The expansion of the market garden has seen thirteen refrigerated trucks of produce delivered and distributed to different markets in Dar es Salaam through the local Mama Jo’s sales team, including to a variety of retail and wholesale outlets. Four refrigerated trucks of produce have also been sent to Nairobi via the firm’s exclusive Kenyan distributor. In line with its long-term plan to expand into mango orchards, Obtala has sold fresh mangos into Dar es Salaam through its local sales team, as well as into Zanzibar via an exclusive agent. Also, a 3.8 tonne aircraft container of fresh mango was delivered to Dubai via airfreight where the fruit was sold via the company’s exclusive wholesaler.
Obtala remains in dialogue with various funding bodies regarding specific projects to scale its agriculture businesses in East Africa, where its goals of increasing food production, job creation, and removing supply chain roadblocks by building infrastructure are aligned with the priorities of national governments.
Palettes of Yellow Honeydew and Caribbean King ready for dispatch to Dubai and Nairobi. Source: Company
Assessment
This was an all-round positive Q4 update from Obtala and although lacking in any direct guidance regarding financial performance this can be excused given its release only a week after the period end. With the steady ramp up of activities across its operations, combined with the transformational acquisition of Woodbois, last year was a pivotal one for the business. However, 2018 is set to be a year of more significant growth as activities are further accelerated and investment made in capital expenditure starts delivering benefits.

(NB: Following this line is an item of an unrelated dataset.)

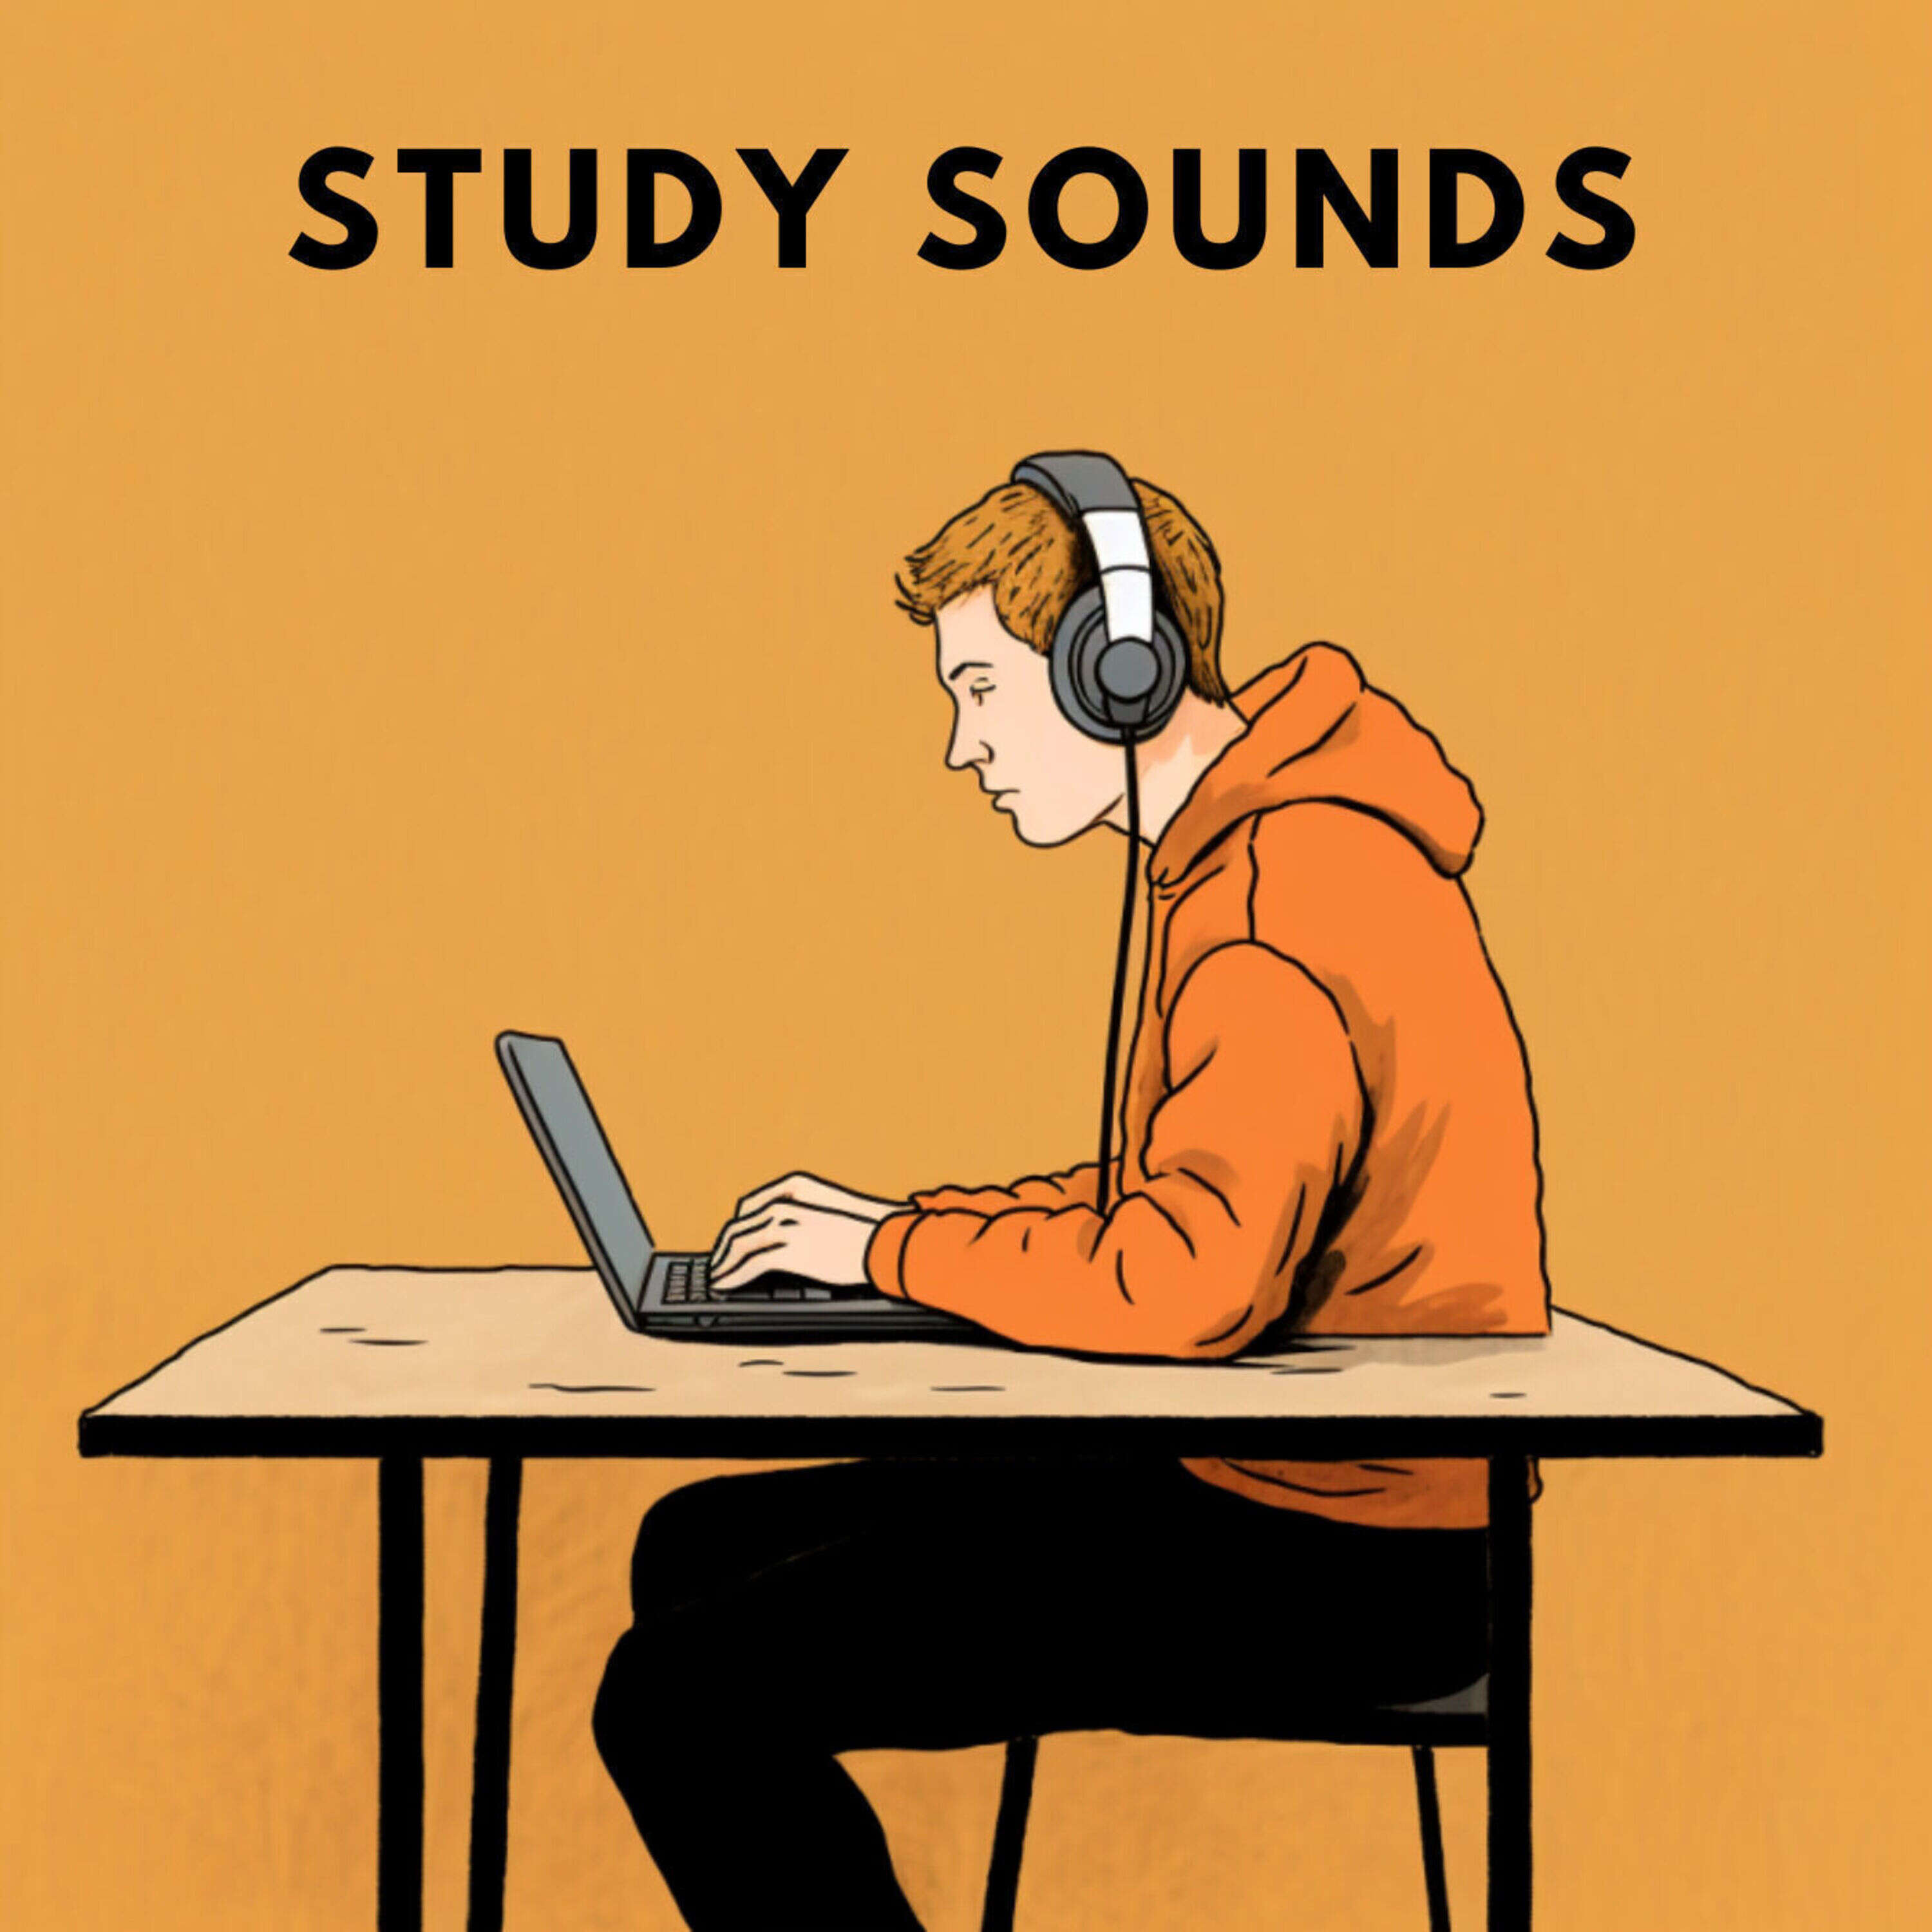 Study sounds - 1 Hour Of Deep Concentration sounds for Studying and Memorizing by healingMate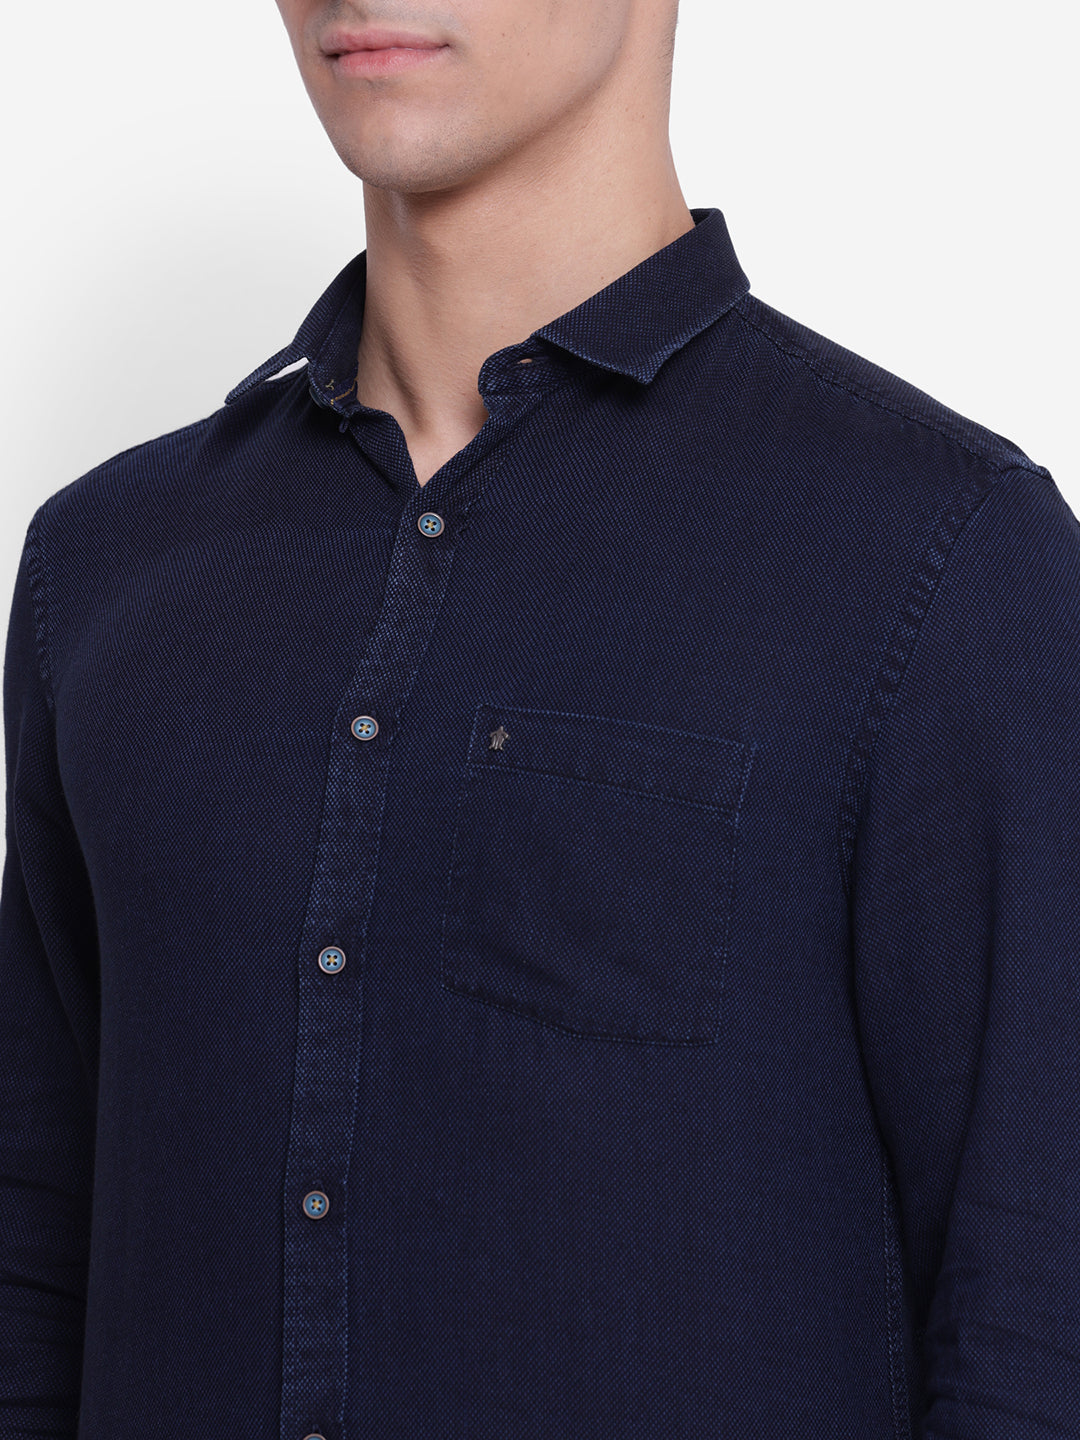 Solid Navy Blue Slim Fit Causal Shirt

We do not believe that the markets are recognising this potential, with Obtala shares currently trading at 14.25p, capitalising the business at just £41.7 million. Demonstrating the value, recent preference share issues placed an up-to-date and market validated price on the whole of forestry subsidiary Argento Limited of $109.36 million (£80.65 million). Obtala’s effective stake in the business of 57%, via its 75% holding in Argento, is therefore valued at £45.97 million at current exchange rates, or 15.67p per share. This is 17% higher than the current market cap and thus effectively values the agriculture operations, Woodbois operations and net cash at less than nothing.
Also, with net assets attributable to owners of the parent of $118.16 million (£87.15 million) as at 30th June, which mainly consist of $227.83 million (£168 million) of biological assets, the current discount to book value is 52%.
We will be revisiting our numbers once further information is released to the markets but for now stick with our DCF based target price of 38.18p and Conviction Buy stance.